Fault detection method for centralized access network

Technical Field

The present invention relates to fault detection in wireless communication systems, and more particularly to fault detection for centralized access networks.

Background

A centralized access network (C-RAN) is a novel resource management and control system, which creates a large number of virtual base stations in a large-scale centralized resource pool on demand through a uniform and open interface to realize resource sharing among a plurality of virtual base stations. However, for such a shared resource pool, once a problem occurs in the resource pool, multiple base stations associated with the resource pool may fail, thereby affecting the services of access users in a wide range, and even causing the entire network to crash. It is therefore desirable to provide a fault management system for a centralized access network.

The fault detection is used as the first step of fault management, and the detection effect of the fault detection directly influences the effect of fault management. The traditional fault detection mode has large manual participation, and the fault detection mode is very dependent on the experience of operation and maintenance personnel and is easy to cause misjudgment and missed judgment. With the emergence of new services, the complexity of centralized access network equipment is higher and higher, and the network scale is gradually increased, which makes it more difficult to implement accurate and efficient fault detection.

Currently, some new fault detection methods that can reduce human involvement are proposed in the art, and can be roughly classified into two categories: 1. the method based on the probe periodically sends detection data to the network, and judges whether a fault occurs according to the response condition of the network. The method has high detection rate, but the detection packets need to be continuously sent to the network, the data scale of the centralized access network is huge, and the mode of sending the detection data can increase extra overhead for the system. 2. Based on a data mining and neural network method, the method trains fault data samples into corresponding rules or models for fault detection, and the larger the fault data sample is, the more accurate the trained rules or models are. However, for most devices, it is difficult to obtain a large number of fault samples at one time, so such a method is not suitable for a centralized access network.

Disclosure of Invention

Therefore, an object of the present invention is to overcome the above-mentioned drawbacks of the prior art, and to provide a method for performing anomaly detection on a centralized access network, including:

1) aiming at one layer in a network architecture of a centralized access network, a first fault detector corresponding to the layer is adopted for detecting abnormal events, wherein the first fault detector is obtained by adopting a negative selection algorithm for training based on the self operating data of the layer;

2) when the first fault detector detects that a plurality of fault information exist in a component, a second fault detector is adopted to perform intersection operation on the plurality of fault information of the component so as to determine the fault of the component, wherein one fault information is represented as a set of one abnormal event occurring on the component and all abnormal events related to the abnormal event.

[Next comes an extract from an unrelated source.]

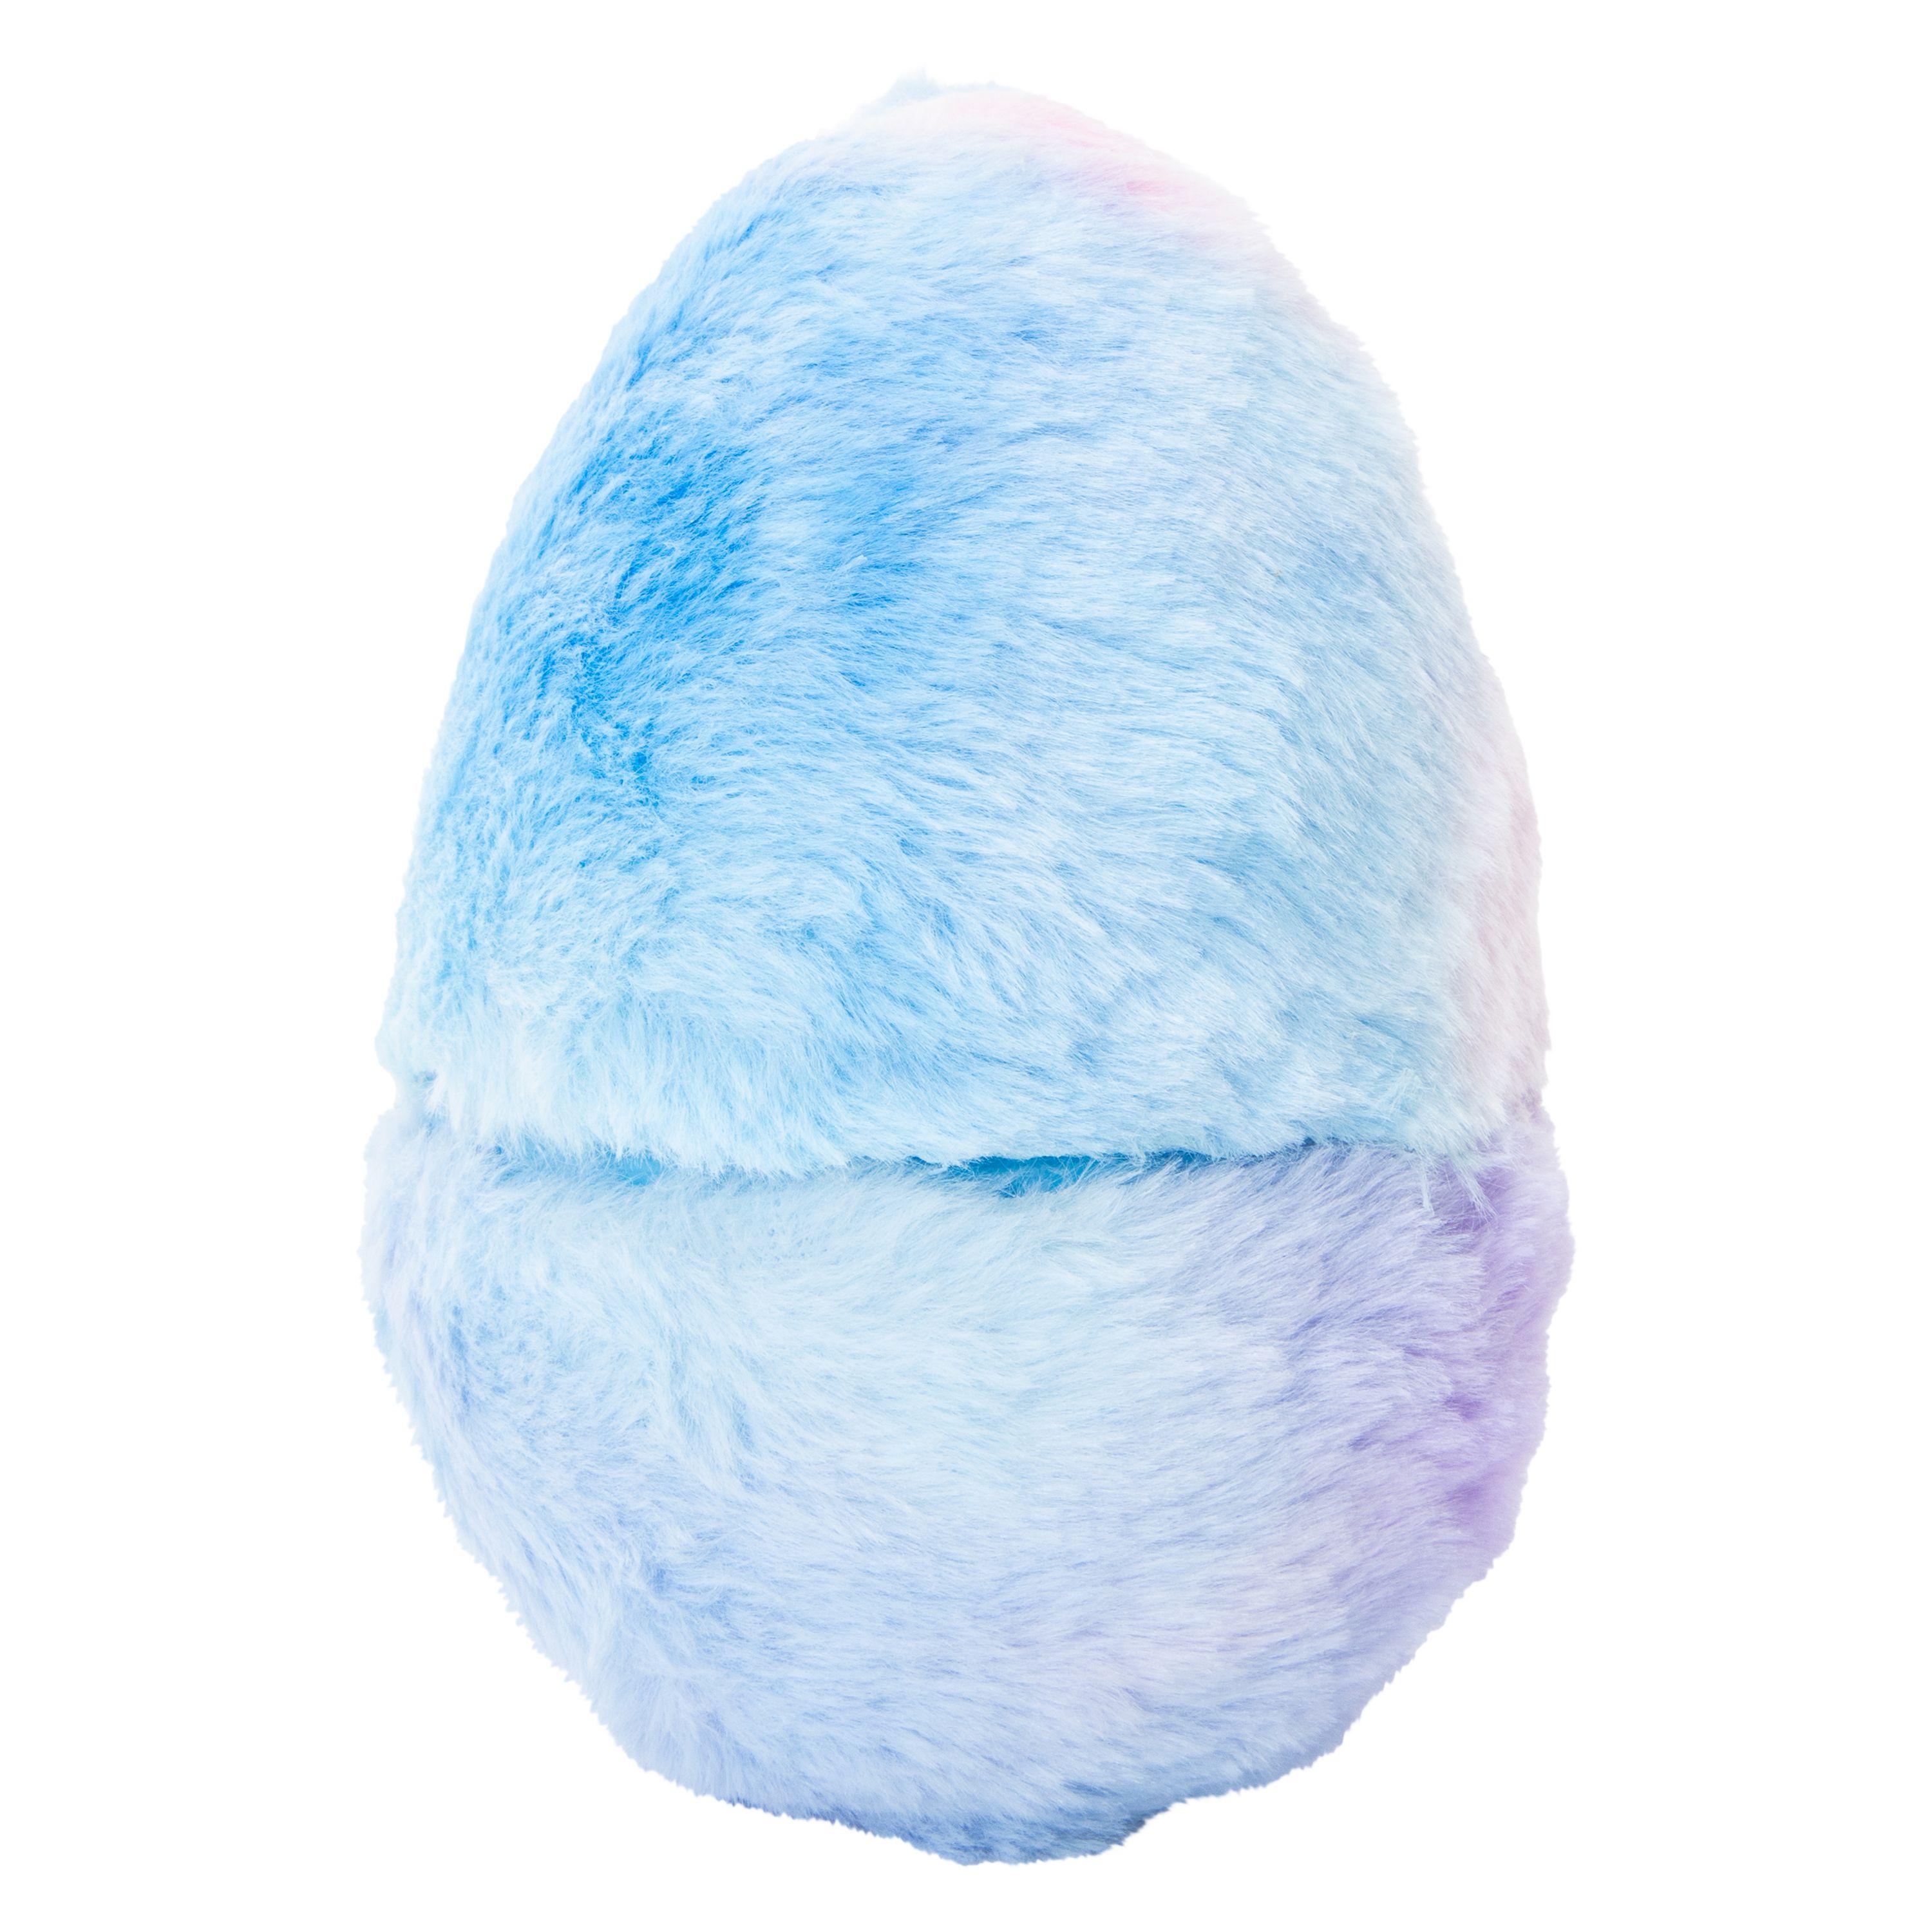 XL Fur Easter Egg 5in x 6in | Five Below

Preferably, the method comprises: performing the above step 1) and/or step 2) for one layer in a network architecture of a centralized access network, and in case that a failure exists in a component of the layer, performing the above step 1) and/or step 2) for an adjacent layer of the layer until it is determined that there is no failure in the component of the current layer or all layers are traversed.

Preferably, the method comprises: performing the above step 1) and/or step 2) for a non-underlying layer in the network architecture of the centralized access network, in case it is found that there is a failure in a component of said layer, performing the above step 1) and/or step 2) for a lower layer of said layer until it is determined that there is no failure or the lowest layer is detected in the component of the current layer.

Preferably, according to the method, the following layers in the network architecture of the centralized access network are selected from the corresponding sets for the negative selection algorithm and the first fault detector, respectively:

computing resource layer: the temperature of the equipment, the voltage of the equipment, the utilization rate of a CPU (Central processing Unit), the utilization rate of a memory, the flow of a network interface and the rate of the network interface;

a virtualization layer: the utilization rate of a virtual CPU, the utilization rate of a virtual memory and the utilization rate of a virtual baseband;

a network element layer: the method comprises the following steps that the number of access users of a virtual base station, an uplink rate, a downlink rate, signal strength, time delay, packet loss rate and reference signal receiving power are calculated;

network layer: network performance parameters for the area.

Preferably, according to the method, wherein the first fault detector is trained by a method comprising:

I) for one layer in a network architecture of a centralized access network, collecting n-dimensional operation data D ═ (z) of the layer⁽¹⁾,z⁽²⁾,...,zⁿ) To serve as an autologous sample set;

II) training by adopting a negative selection algorithm based on the self-body sample set to obtain a candidate first fault detector, and if the candidate first fault detector is the minimum distance d from the self-body sample_minGreater than or equal to the affinity radius r of the autologous sample_sAdding the candidate fault detectors to a set of fault detectors;

III) outputting the set of fault detectors when the obtained set of fault detectors meets the set coverage rate, otherwise, repeating the step II).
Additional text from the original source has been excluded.